Figure 3 shows the calculated dissolution temperatures of alloys with two Nb levels, namely, 0.04Nb and 0.08Nb, in wt.% while keeping carbon as a constant at 0.06 wt.%. It is clear that all the NbC available in 0.04 wt.% Nb steel will be dissolved at/or close to 1170 °C, while the higher Nb content will not be fully dissolved below a slab reheating temperature of 1265 °C, which indicates more stable precipitates at higher temperatures. It should be noted that this temperature far exceeds the normal reheating temperature of 1150–1200 °C used in practice. The dashed line represents the deviation between the two alloys in terms of soluble NbC; thus, the reheating temperature is not a variable, but is restricted to 1150–1200 °C in practice. Therefore, the question is how much Nb can be dissolved at perhaps 1200 °C. According to Figure 3, all of Nb in the 0.04 steel and 0.55% Nb in the 0.08 steel would be dissolved at 1200 °C. In normal practice with a commercial steel of similar composition containing 0.04Nb, all of the Nb is taken into solution during reheating, and very little if any is reprecipitated during rough rolling. Therefore, recrystallization goes to completion in roughing. However, in the 0.08Nb steel, only 0.055 wt.%. Nb is taken into solution and the remaining 0.025 wt.% Nb is left undissolved. The question is: will any of the 0.055 wt.% Nb dissolved in austenite reprecipitate during roughing, and if it does, will it suppress complete recrystallization during roughing? Higher Nb levels indicate that some precipitates could not be taken into solution based on solubility considerations in the range applicable to the rough rolling process.

2.2.1. Phase I: Theoretical Study

The assumptions made here were that with the addition of Nb into the steel, the T_5% and T_95% temperatures will both be increased [18], and subsequentially the processing window above T_95% will be reduced. In addition, the T_5% temperature might be increased to where it enters the later portion of the rough rolling temperature range. Figure 4 shows a schematic of two Nb steels, namely, 0.1Nb and 0.04Nb, in wt.%. For a given strain (i.e., Σn_Passes) and temperature, and as the temperature decreases, the processing window at the end of roughing for a uniform austenite grain size distribution is reduced in the 0.1Nb steel, below which only partial recrystallization and grain refinement may occur; this is shown in the hatched area above 0.1Nb T_95%. On the other hand, the processing window for the 0.04Nb steel to produce a uniform grain size distribution is higher even below 1050 °C, which is here designated as the end of rough rolling temperature.
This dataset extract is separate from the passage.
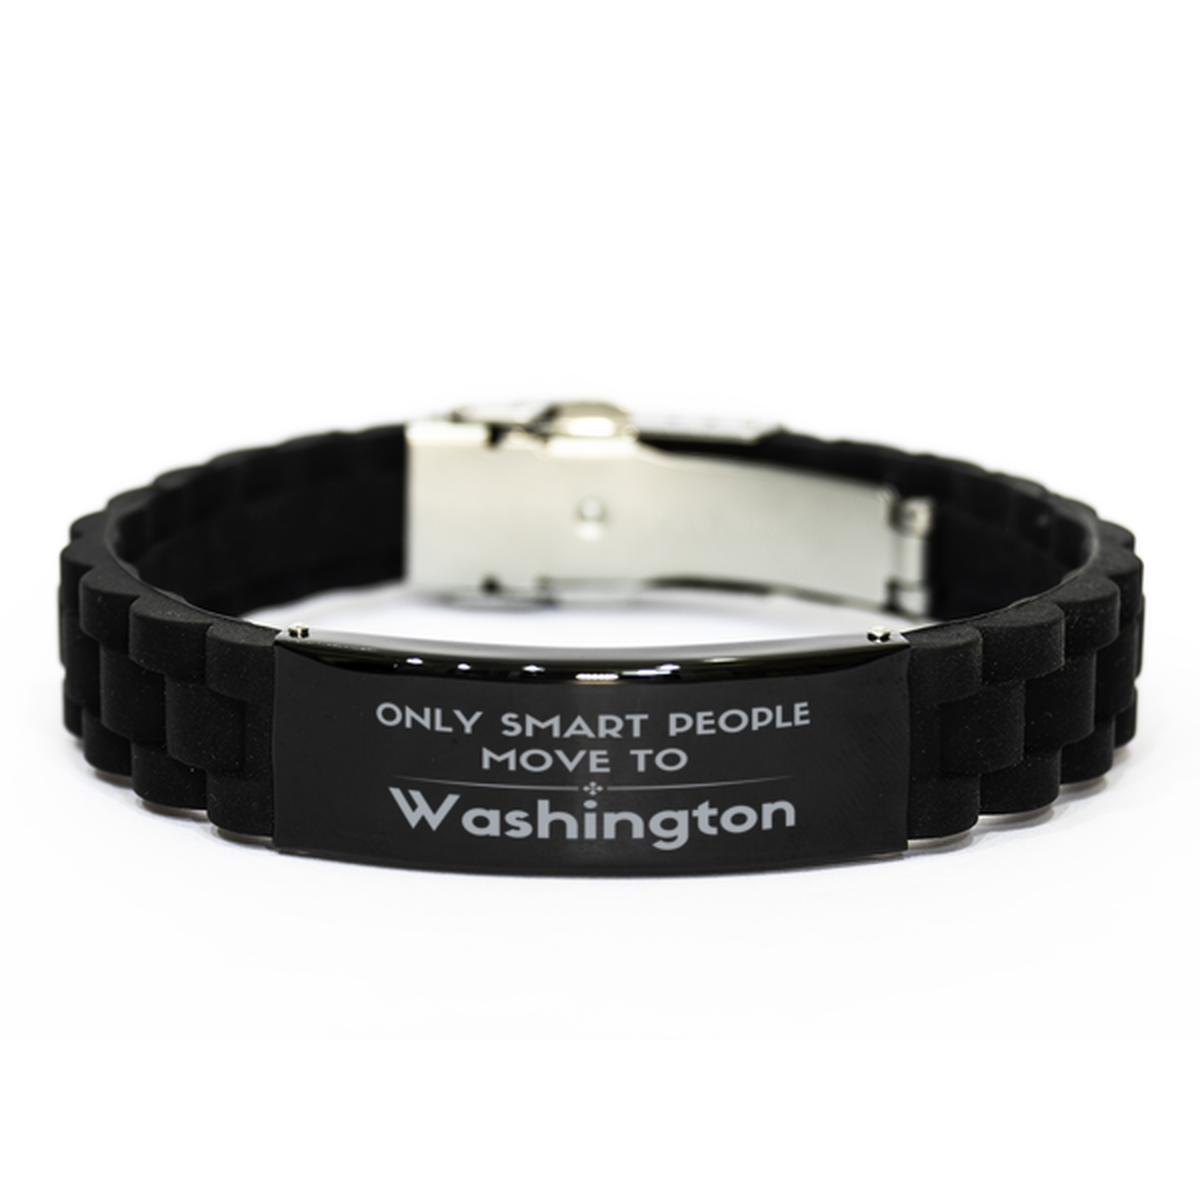 Only smart people move to Washington Black Glidelock Clasp Bracelet, Gag Gifts For Washington, Move to Washington Gifts for Friends Coworker Funny Saying Quote

In the context of hot rolling, the typical value of the recrystallization driving force of austenite subjected to a single low temperature rolling pass is found to be about 22 MPa [12]. This was for 900 °C; at 1100 °C it would be much lower, near 10 MPa. Thus, to retard recrystallization, a necessary pinning force is needed and several models were proposed to calculate the pinning force of precipitates in microalloyed steels as a result of the interaction between precipitates and austenite grain boundaries [18,23]. However, in this study, as mentioned earlier, the subgrain boundary model [3] was employed to estimate, theoretically, the pinning forces at different deformation temperatures and specifically during roughing passes. The reason for using this model is mainly that NbC particles are not randomly distributed but isolated on the subgrain boundaries of deformed austenite [24,25].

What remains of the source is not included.